*** Material provided ***

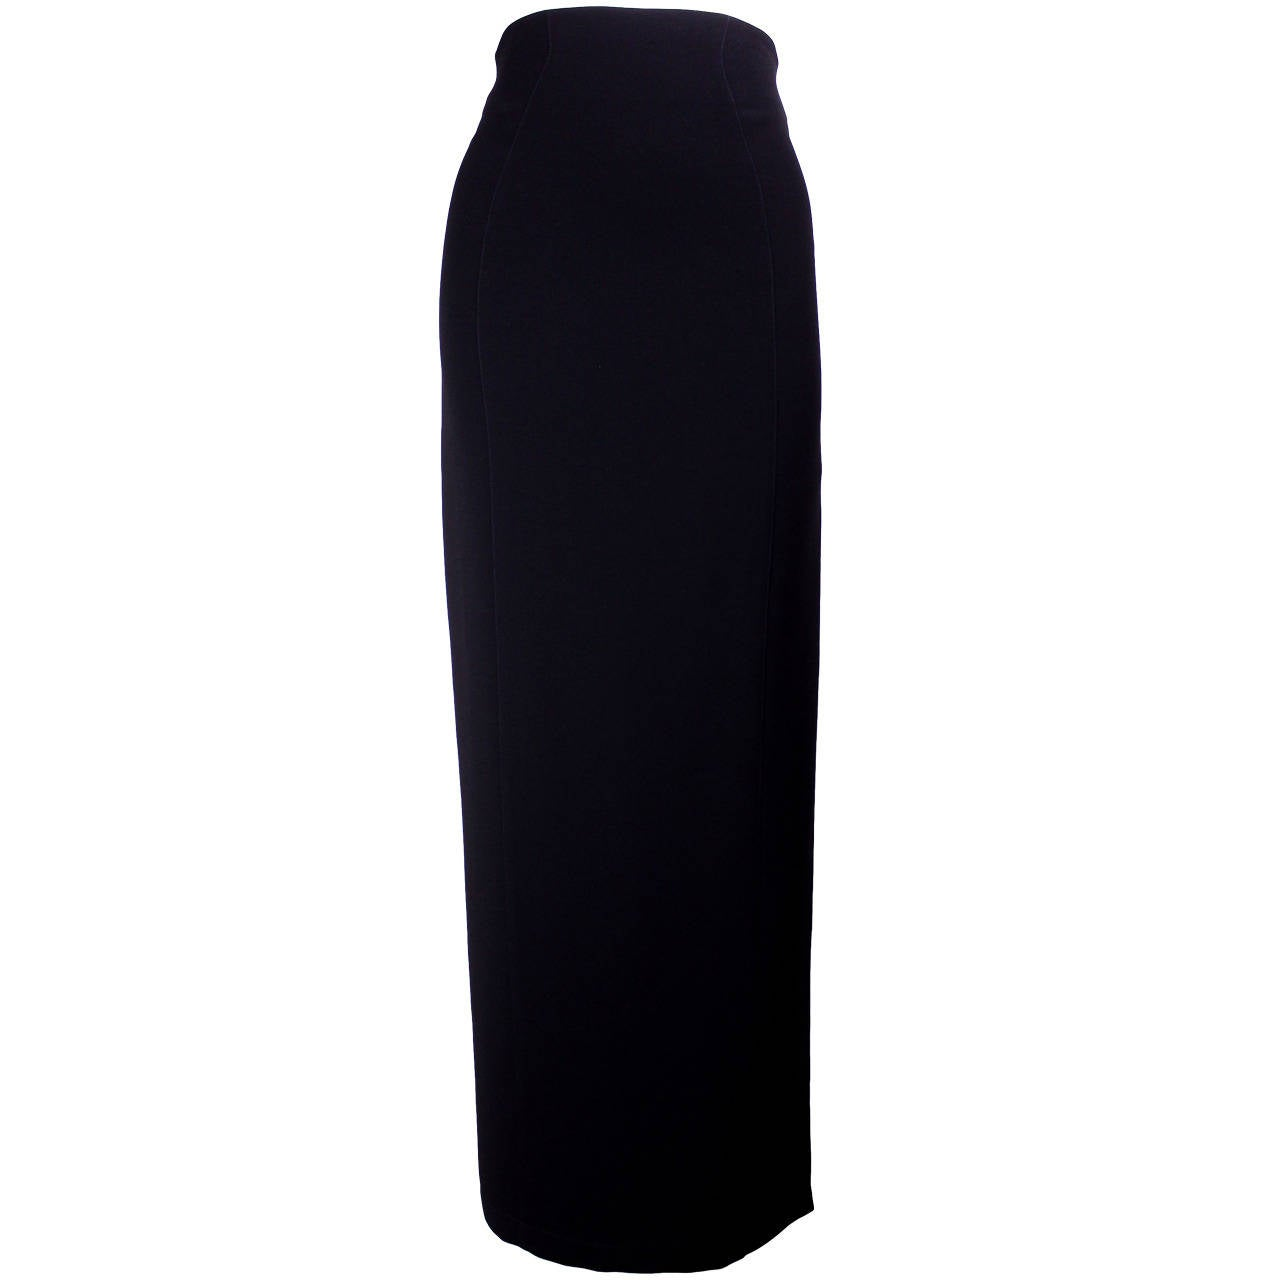 1980s Thierry Mugler Sexy Long Pencil Skirt 1
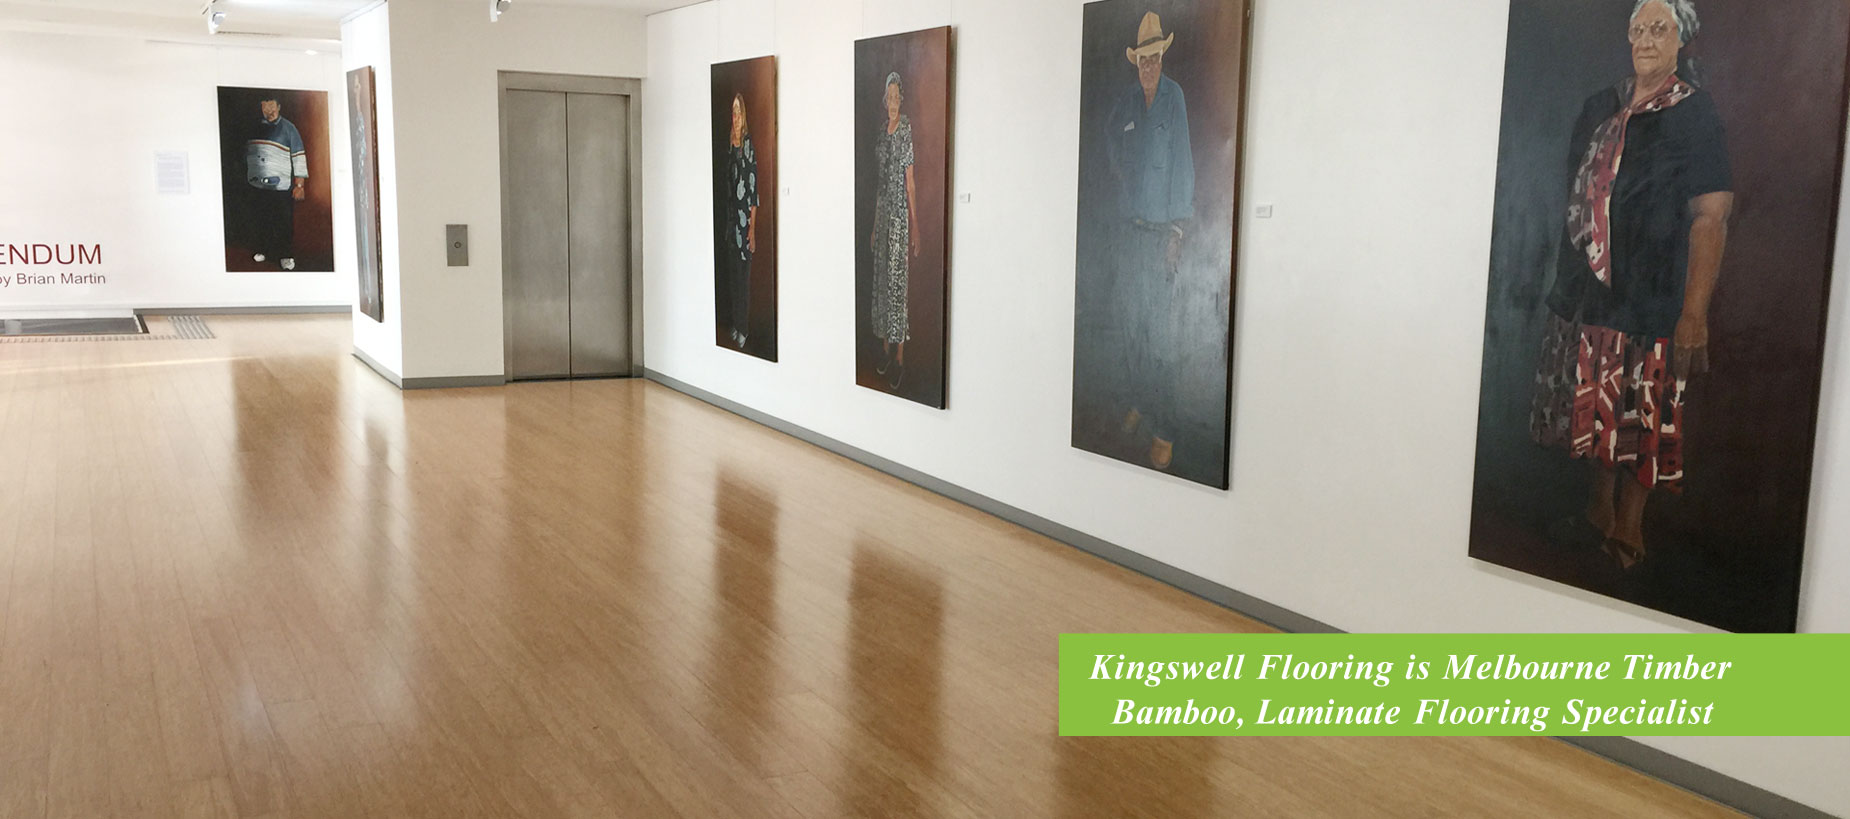 Kingswell Flooring
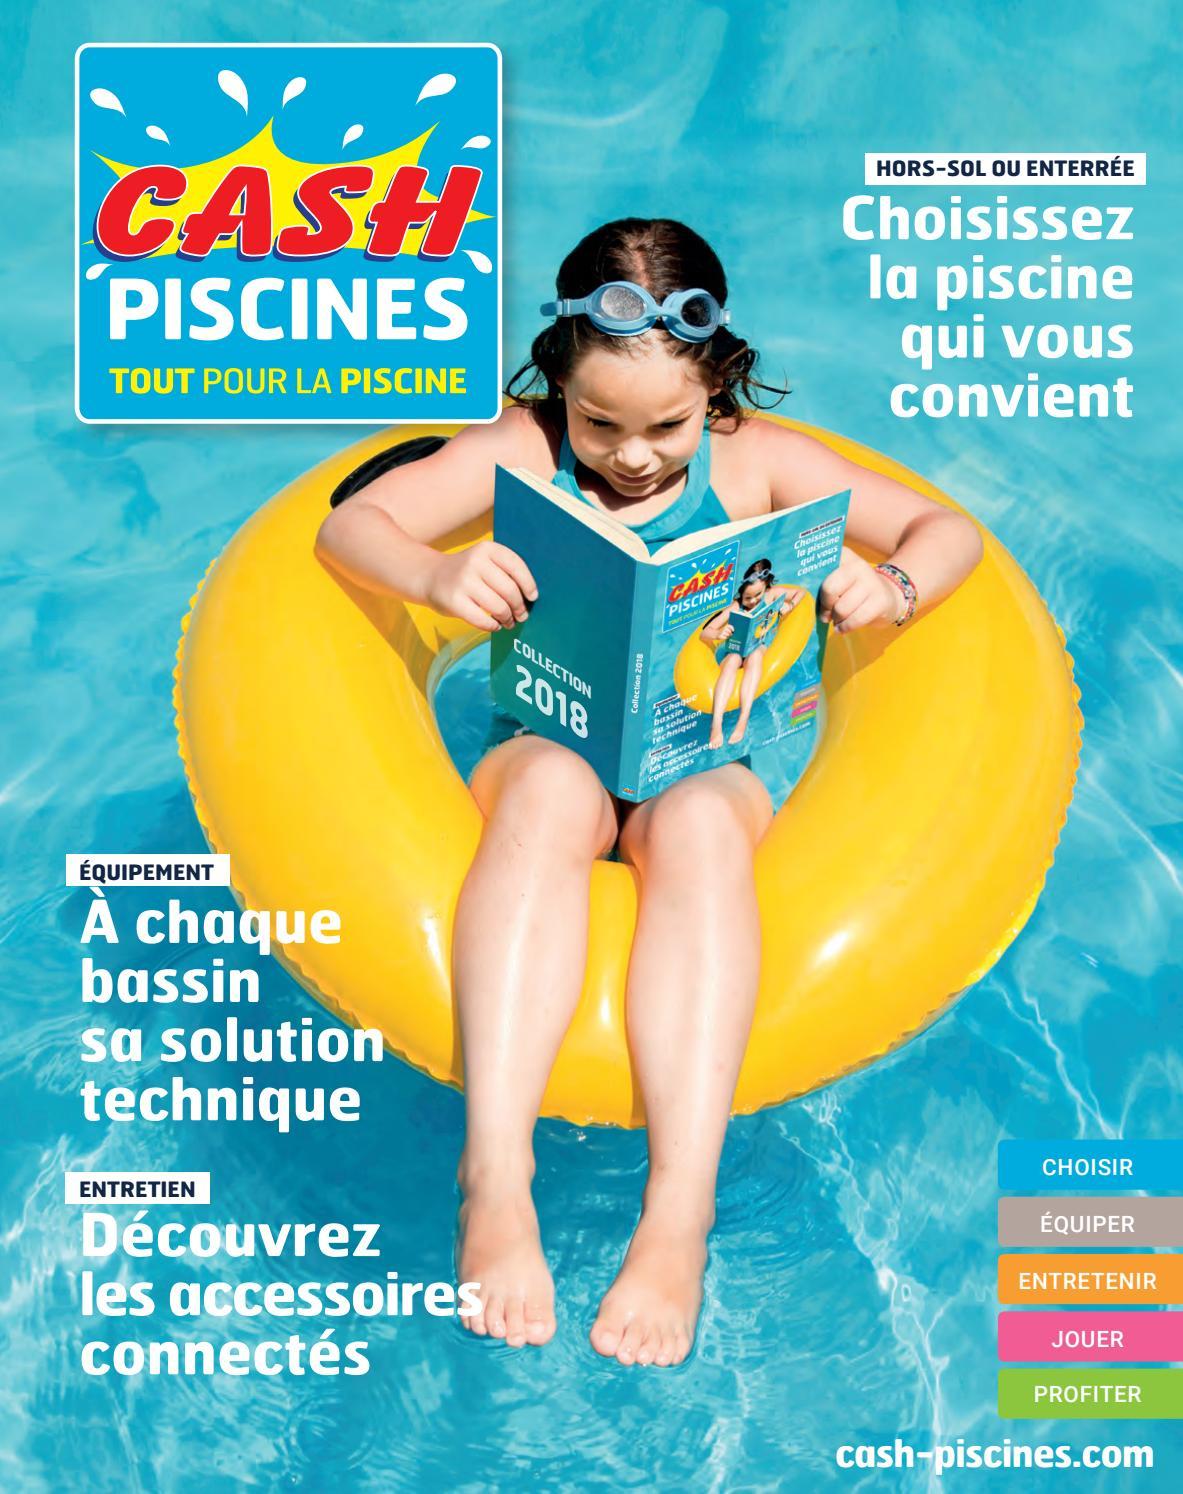 Catalogue Cash Piscine 2018 By Octave Octave - Issuu avec Cash Piscine Manosque
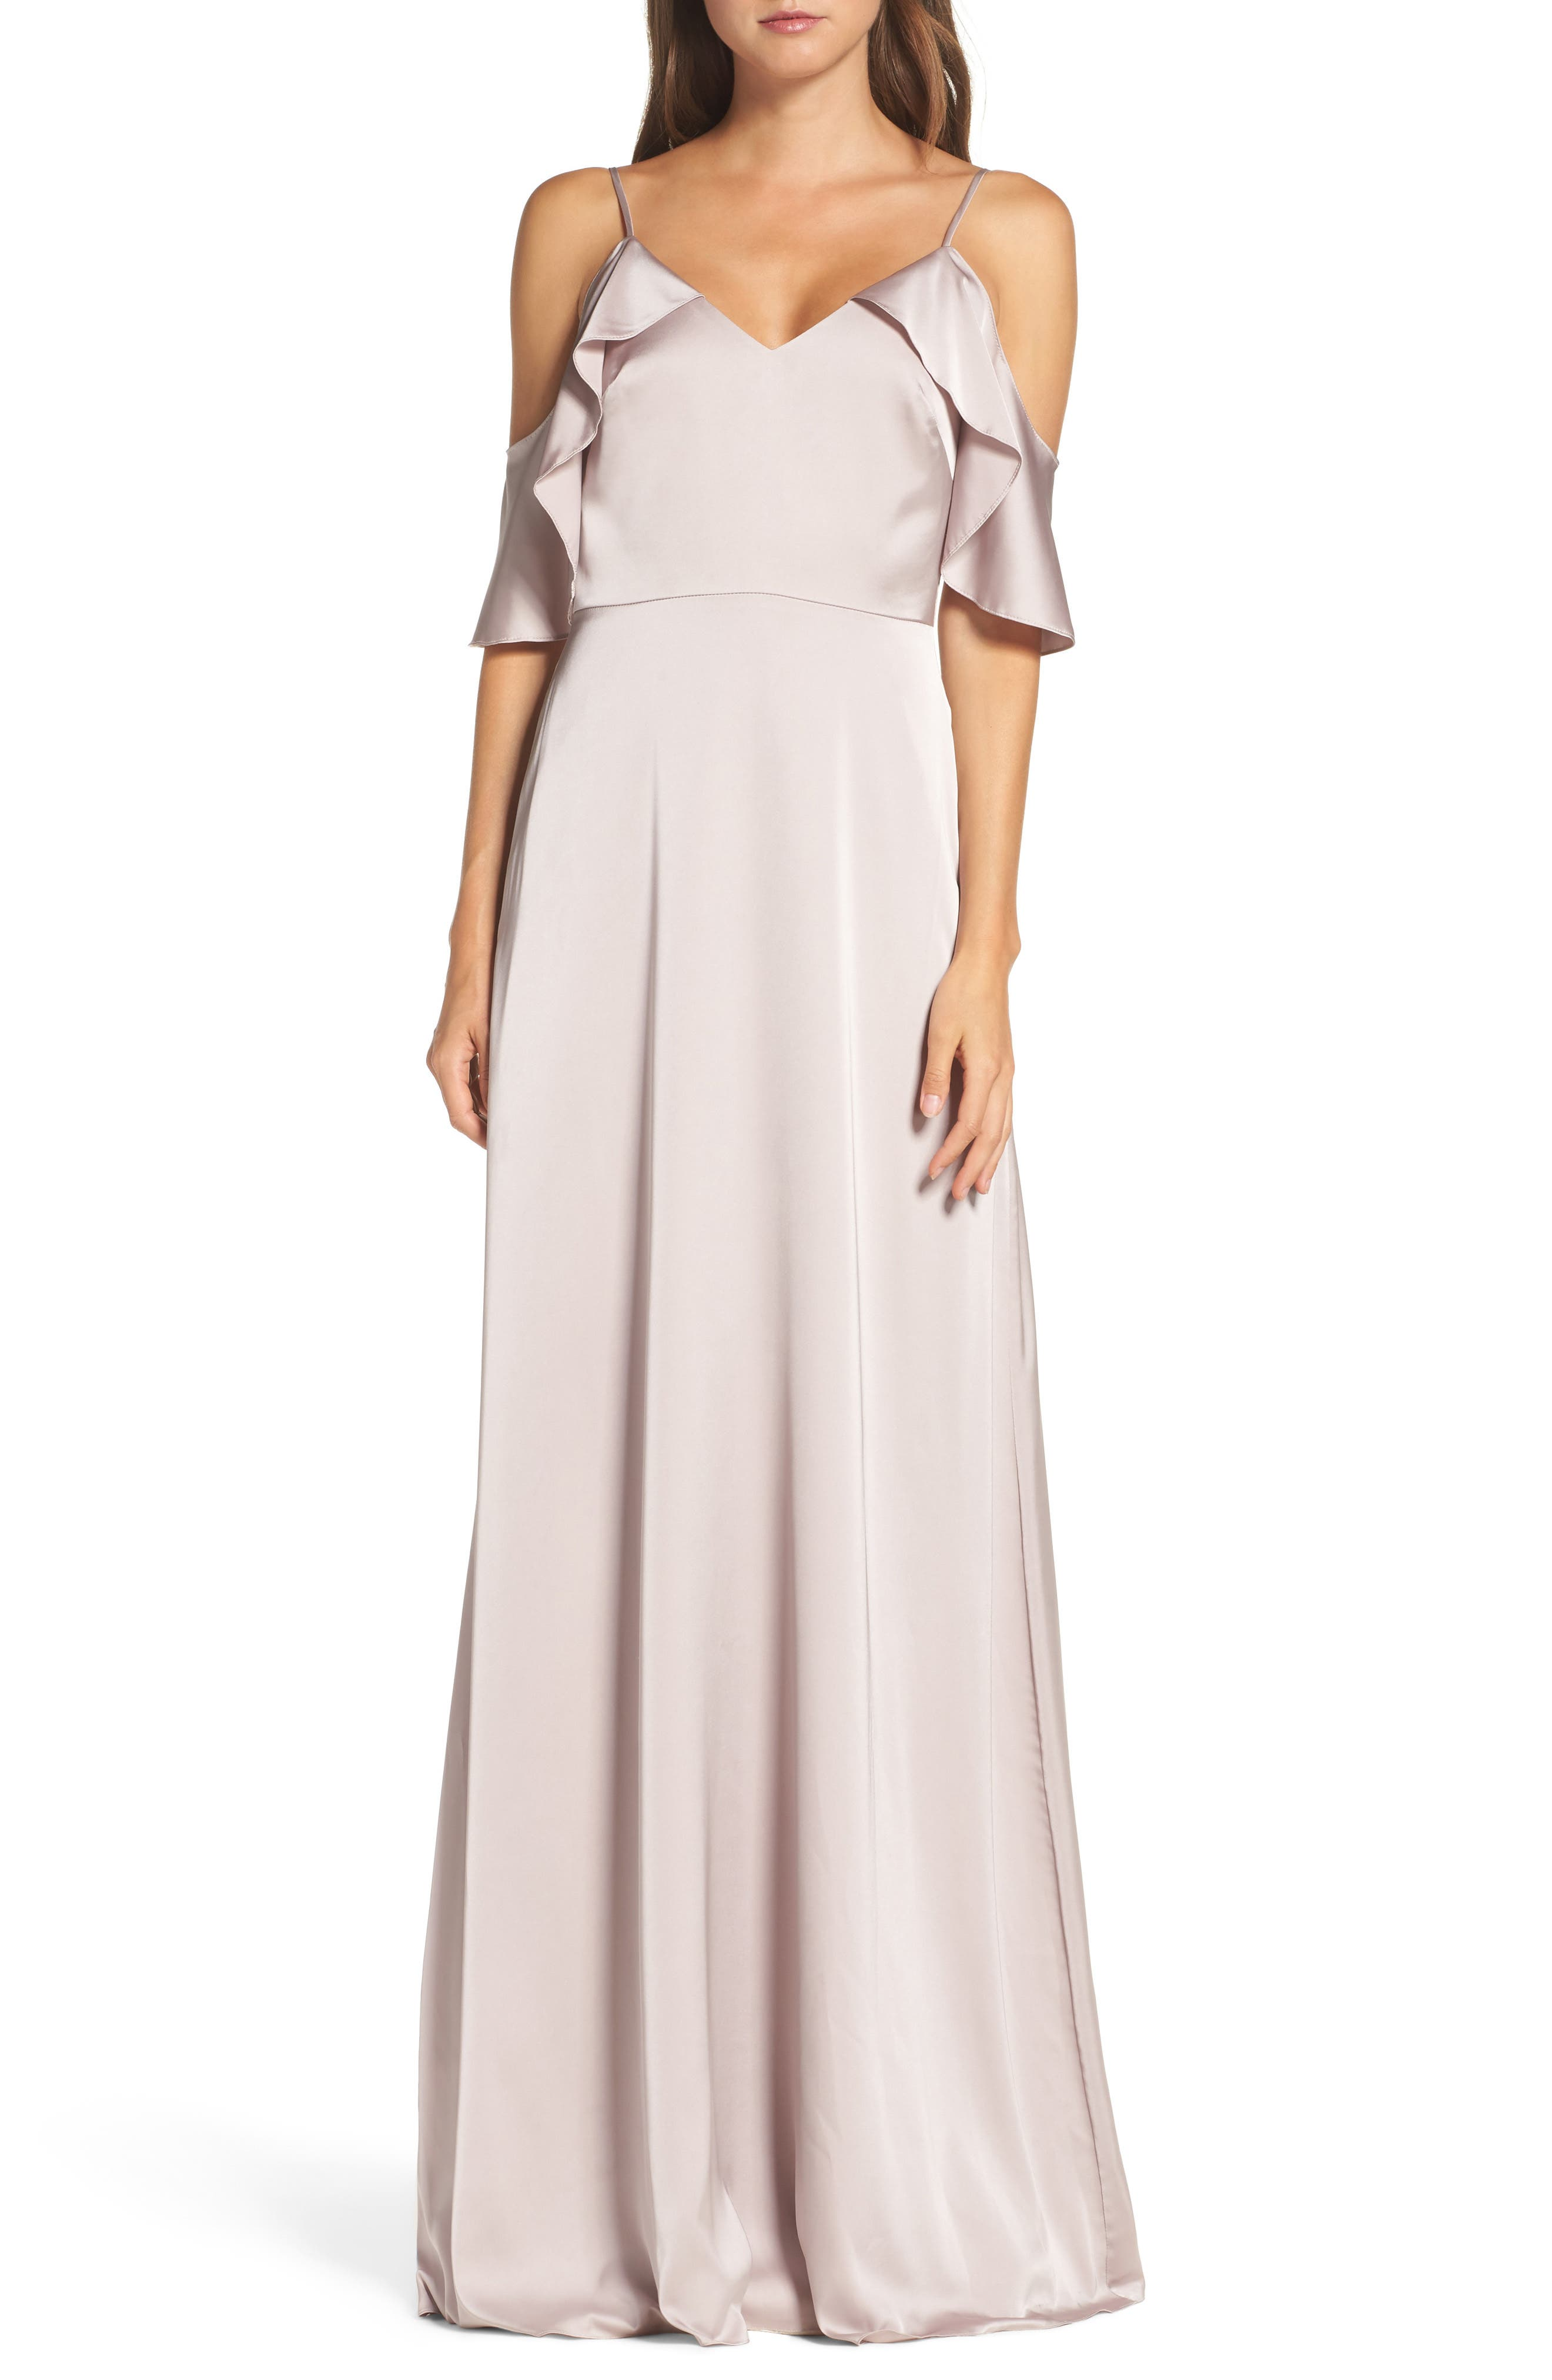 Alternate Image 1 Selected - Monique Lhuillier Bridesmaids Isabel Sateen Cold Shoulder Gown

*** End of Material provided ***

From the line that contains "Catalogue Cash Piscine" to the end of the material above, output every line exactly, both ends included, but leave out any pictures.

 Catalogue Cash Piscine 2018 By Octave Octave - Issuu avec Cash Piscine Manosque
 Alternate Image 1 Selected - Monique Lhuillier Bridesmaids Isabel Sateen Cold Shoulder Gown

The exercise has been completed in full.